Краткая аудиенция завершилась. Не сговариваясь, Шеф и Ольгерт одновременно поднялись и по такому же негласному уговору подошли вплотную к начинавшемуся от уровня пола окну. Оба молча уставились в усеянное звёздами пространство. Тишину нарушало лишь сипловатое от бесчисленного количества выкуренных сигарет дыхание Смершева. Вселенная равнодушно взирала на двух пигмеев с их мелкотравчатыми делишками. Её холодный, отчуждённый взгляд ассоциировался со взглядом свысока – да так оно на самом деле и было.
– Послушай! – нарушив молчание, тихонько окликнул Ольгерта старикан. – Это дело может оказаться пустышкой. Но ежели, паче чаяния, ты почувствуешь настоящую игру, не лезь на рожон и не стесняйся приводить противников к полному финишу.
– Буду приводить противников к финишу превентивно, – пообещал Ольгерт. – А игра будет, чую своим собачьим нюхом. И будет она крупной.

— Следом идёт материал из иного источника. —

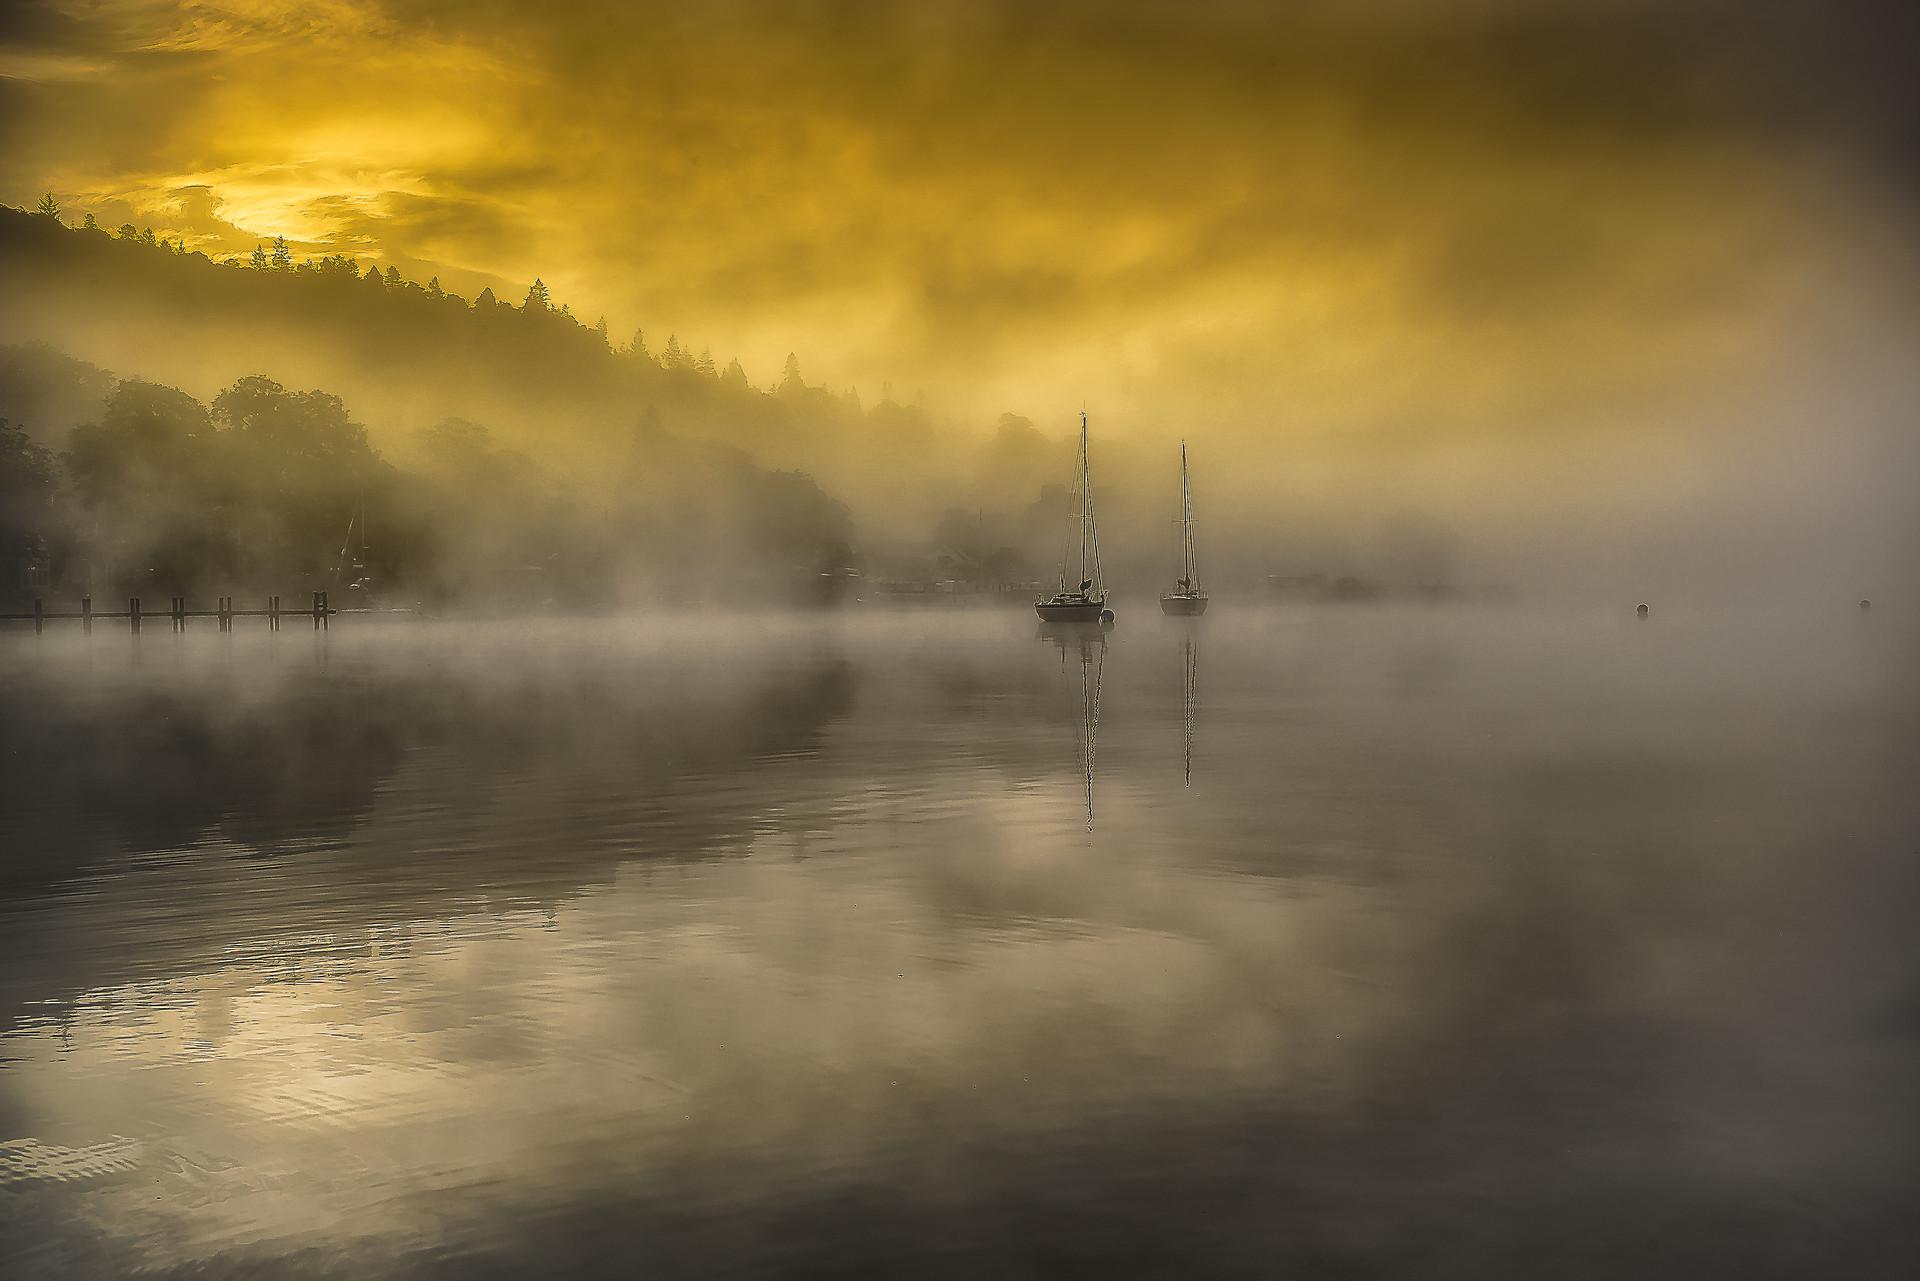 Misty Windermere

– В этой великой игре мы одновременно игроки, карты и ставка, – с деланным пафосом и явно с чужих слов пропел Шеф, с наслаждением отслеживая реакцию подчинённого на изрекаемый плагиат. – Никто не продолжит её, если мы уйдём из-за стола!
Если это и не был нокаут, то уж точно нокдаун, тем более что очнулся Ольгерт только при счёте «девять» в скользящем вниз лифте.
* * *
На следующее утро «понтиак жар-птица» Васильева, вырвавшись из едва ли не герметически закупоривших улицы пробок, принялся совершать медленно сужающиеся круги вокруг института, выискивая место для парковки. Такового на ведомственной стоянке не оказалось, и недолго думая Ольгерт запарковал машину рядом с кафе «У Большого Взрыва», превращённого учёной братией в некое подобие недорогого, а точнее, дешёвого клуба по интересам.